Detect contours in the mask and draw them on the original image.

In [18]:
(maskcontours, maskhierarchy) = cv2.findContours(contour_mask.copy(), cv2.RETR_EXTERNAL, cv2.CHAIN_APPROX_SIMPLE)

In [19]:
original = image.copy()

for mc in maskcontours:
    (x, y, w, h) = cv2.boundingRect(mc)
    cv2.rectangle(original, (x, y), (x + w, y + h), (0, 0, 255), 1)
    
vlog(original, "RESULT 1: Contours detected in the contour mask")

In [20]:
clone = image.copy()

for c, h in zip(contours, hierarchy[0]):
    area = cv2.contourArea(c)
    if h[:][3] == -1 and area >= 25: # Is the hierarchy still needed?
        (x, y, w, h) = cv2.boundingRect(c)
        cv2.rectangle(clone, (x, y), (x + w, y + h), (0, 0, 255), 1)
        
vlog(clone, "RESULT 2: Contours detected in the original image (morphological gradient + connected-components labeling)")
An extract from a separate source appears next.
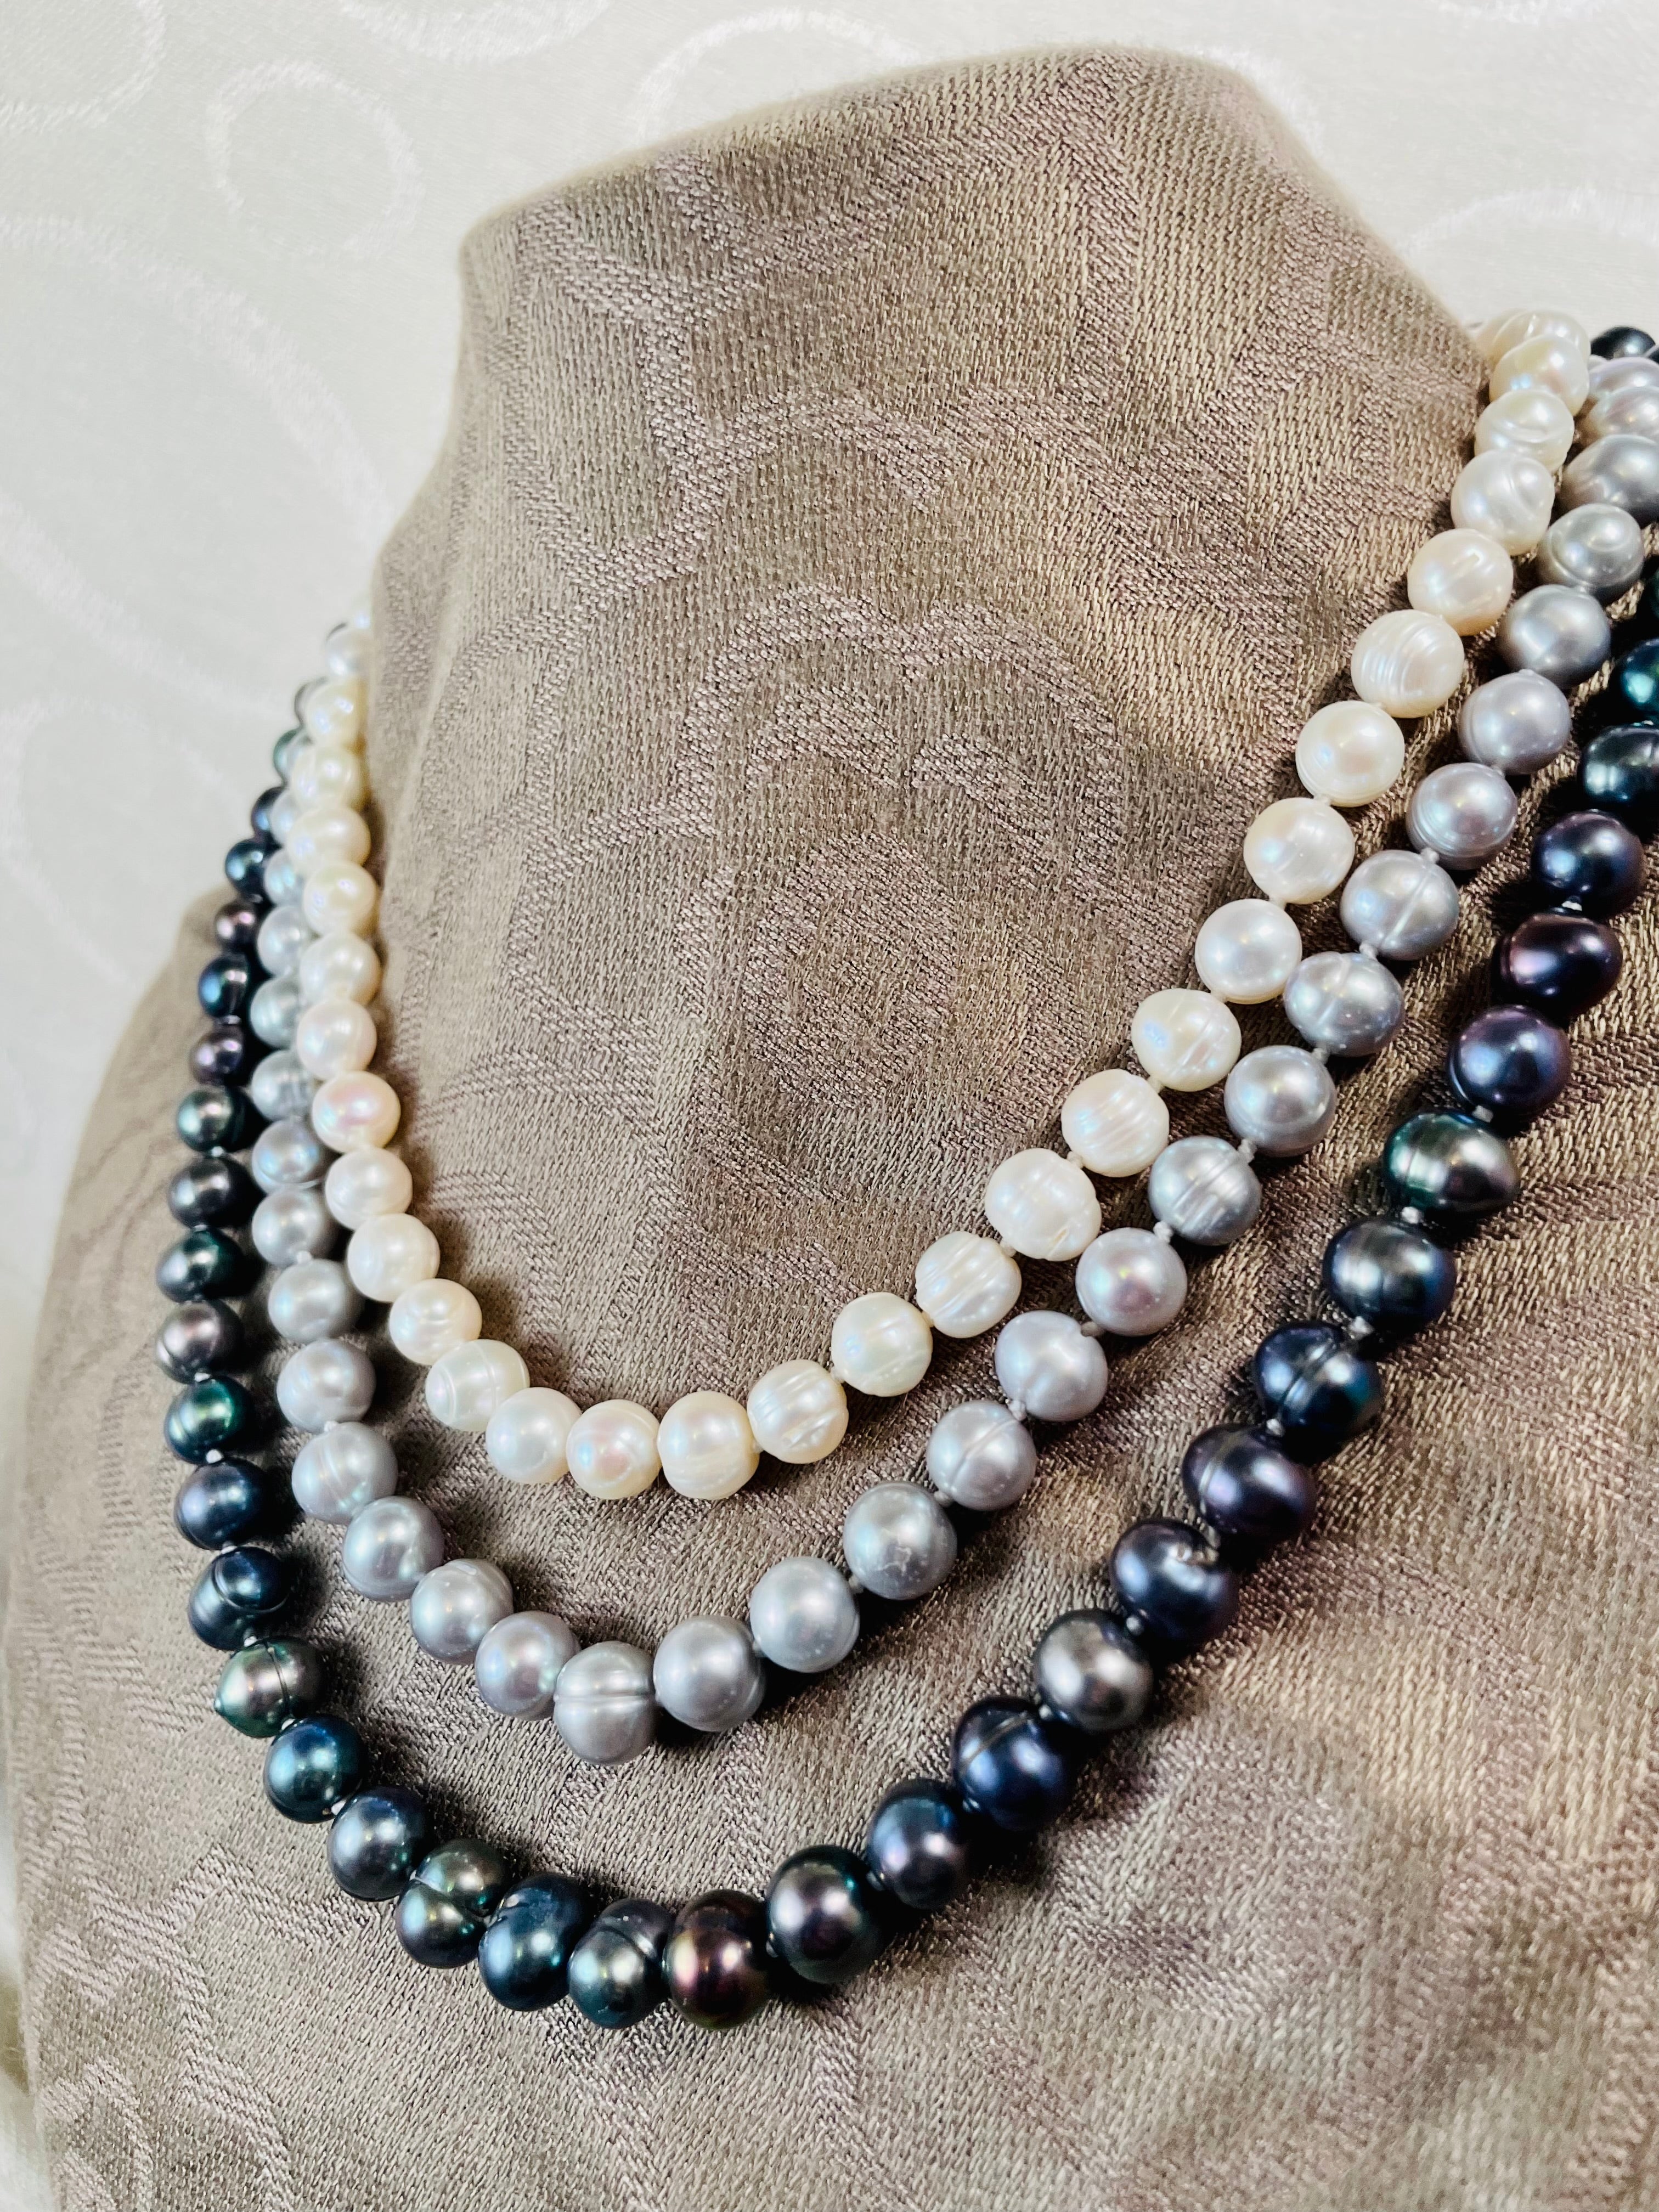 Triple strand ombré white, silver, and peacock pearl necklace

## 7. Apply Non-Maximum Suppression

Loop over the contours to get the bounding boxes.

In [21]:
bounding_boxes = []

for c in contours:
    (x, y, w, h) = cv2.boundingRect(c)
    bbox = (x, y, x + w, y + h) # NMS requires a bounding box, not just coordinates!
    bounding_boxes.append(bbox)

Apply Non-Maximum Suppression.

In [22]:
bounding_boxes_nms = non_maximum_suppression(np.asarray(bounding_boxes), 0.5)

Draw the remaining contours.

In [23]:
nms = image.copy()

for (startx, starty, endx, endy) in bounding_boxes_nms:
    cv2.rectangle(nms, (startx, starty), (endx, endy), (0, 0, 255), 1)
    
vlog(nms, "RESULT 3: Non-Maximum Suppression applied to RESULT 2")